The service ended at 12:30. And then we’d pile into the Ford loosening our ties and the top button on the starchy white shirts. Driving home for the Sunday afternoon meal. We’d race into our rooms strip off the church clothes getting yelled at for not hanging everything up.
Mom would do most of the work but we would be charged with setting the table, the dinning room table not the kitchen table. Forks on the left. Knife and spoon on the right. Water glasses and plates. There was always a table cloth. It felt elegant, stately, and formal as if we were dinning out within our own home. Afternoon sunlight came though the dining room window and the settings cast shadows on the white table cloth in a still-life moment.
While dinner was being cooking the Sunday paper was read which included the comics in the Star Ledger for the kids. Mom and dad would fight over the Sunday Times Crossword puzzle.
The food was only part of this day. It was the act, the real life moment, of sitting and eating that made it Sunday. “Please pass the carrots. May I have some more chicken? Can we watch Disney tonight? May I be excused?” And then there was the instructional moments, “The fork in the left hand!” "Use your knife with your fork. “Sit up don’t slouch over the plate.” “Put your napkin on your lap. Chew with your mouth closed."

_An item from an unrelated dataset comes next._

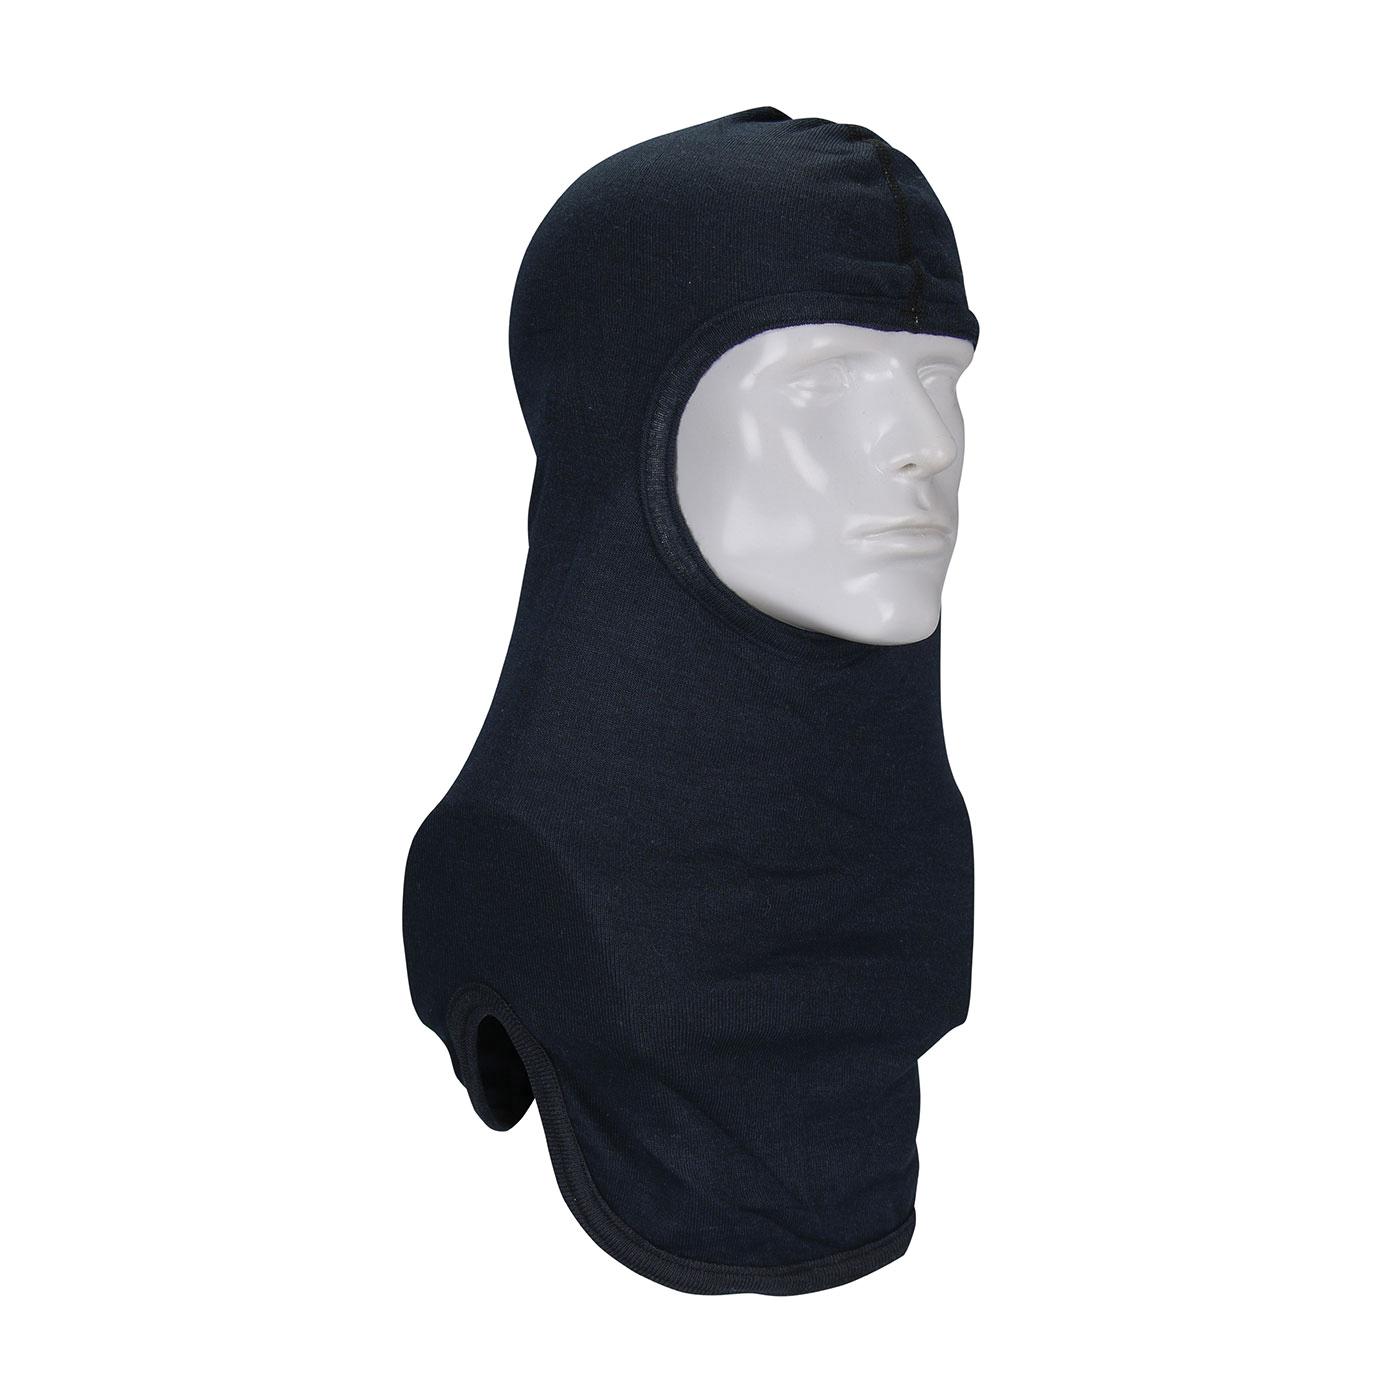 PIP® 906-2080NOL7BLKB Single Layer Fire Resistant Hood With Bib, Universal, Black, 16 in L, 20% Nomex®/80% Lenzing, 4 oz Fabric, Straight Cut Full Face Closure

During the teen years there was the sullen jealous arguing of siblings. The sharp retorts to imagined insults or hurts that fractured the meal which at times ended with “Leave the table and go to your room, now!”
The specifics of the meals were there but the memory has a larger life. It is the family gathered around the a table like an alter offering the warmth and comfort of a meal in a split level suburban home. Eight steps up to the living room, dinning room, kitchen, three bedrooms, and bath. Eight steps down to the rec room, spare room, utility room, door to patio and yard, the utility room, and garage. Sitting in a small subdivision in central New Jersey. NJ was a long way from the tenement in a Worcester neighborhood where the entire side of my mothers family lived. Sunday meals there were events of a magnitude that rivals King Arthurs Court. Extended family members grandmom’s, aunts, uncles, etc. sitting around the table talking and arguing about everything and anything. Politics, something called the stock market, work, and the crazy uncle who was not there. Mom, grand-mom, and aunts all jammed into an apartment kitchen cooking without a bump or foul. A ballet of food and fire.

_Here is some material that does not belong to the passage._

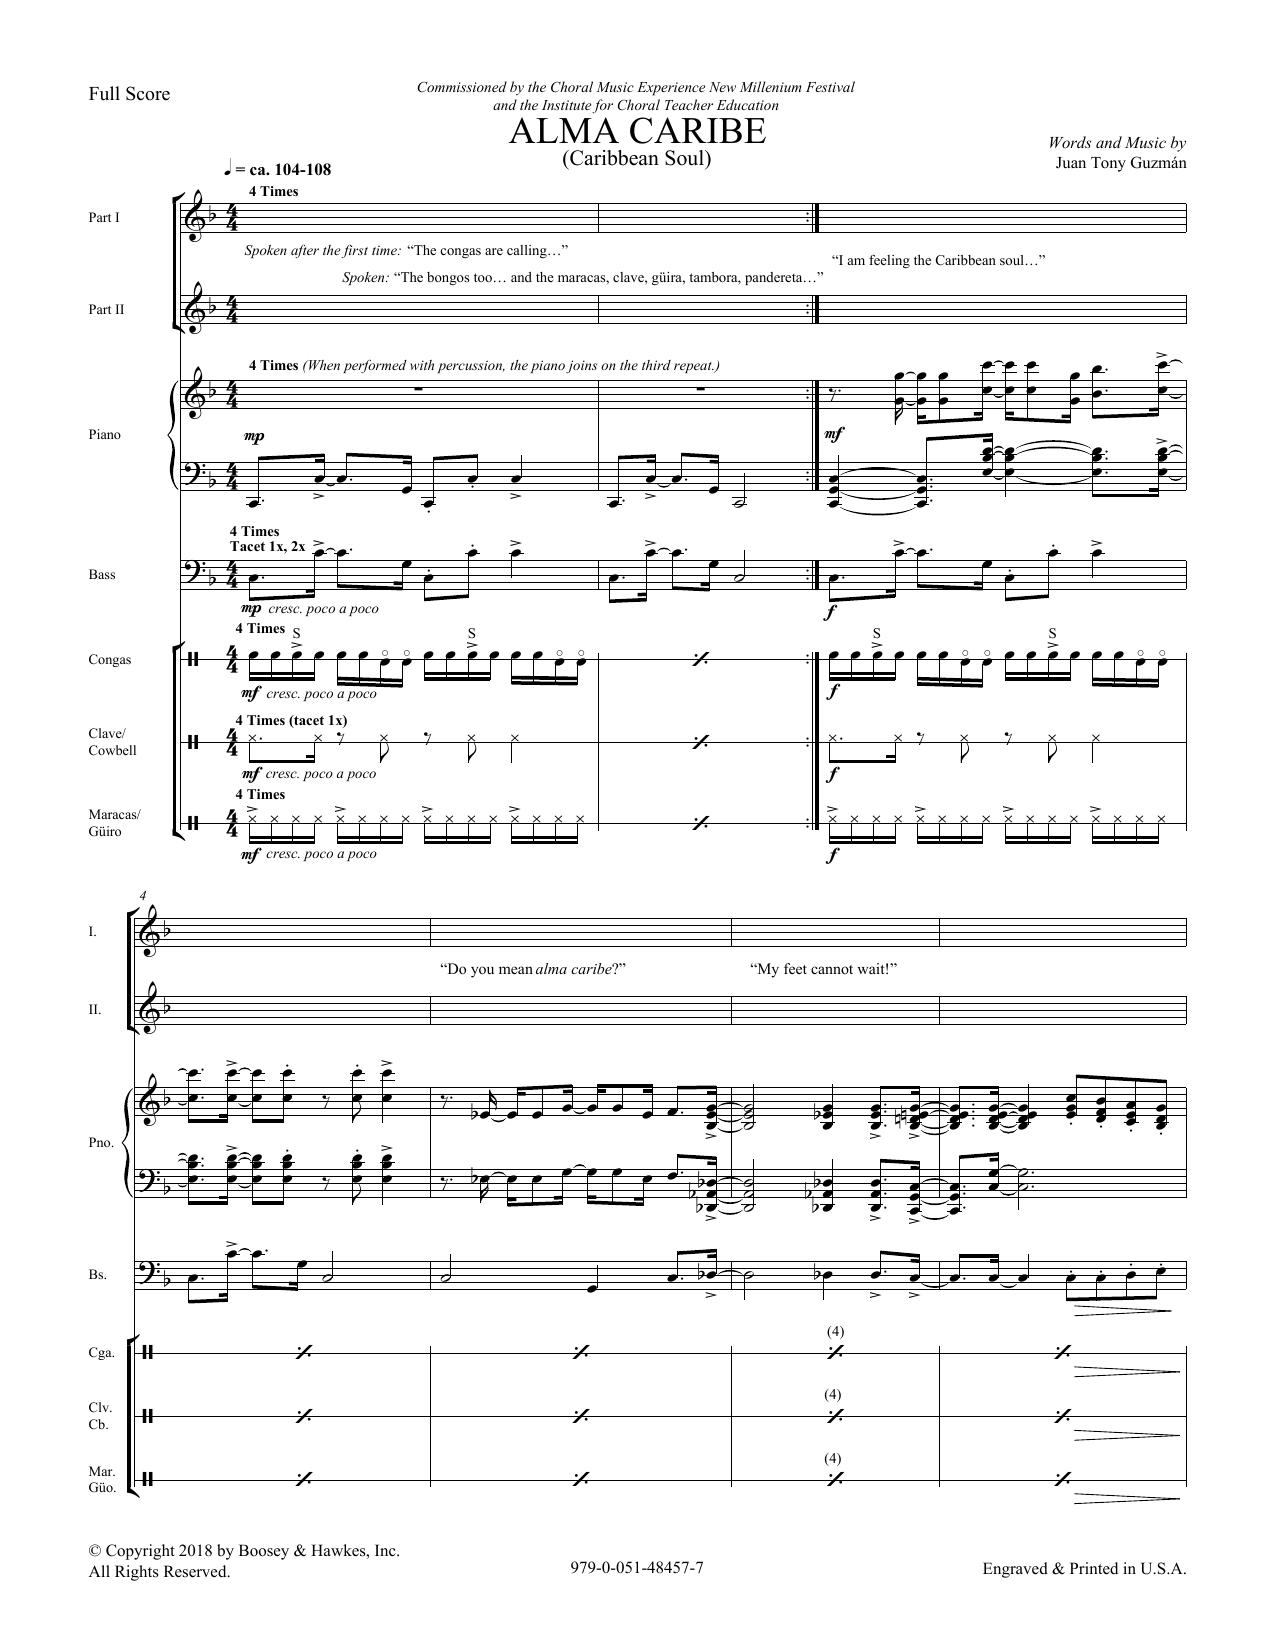 Download Juan Tony Guzman 'Alma Caribe (Caribbean Soul) - Score' Digital Sheet Music Notes & Chords and start playing in minutes

This was as close as I got during those early years to imagine what it must have been like living in a village. This tenement in Worcester translated well to the split level in NJ. The warmth of the kitchen the food aroma, the chattering over dinner and the sense of family. Family is less about a birth order and more about environment. Sunday dinner was the environment that reinforced family.
She didn’t really have that family Sunday dinner environment. Loss of her dad when she was young. An older brother with issues. A mother who worked to keep a roof over the family. I think more importantly was the fact her mom was not a cook.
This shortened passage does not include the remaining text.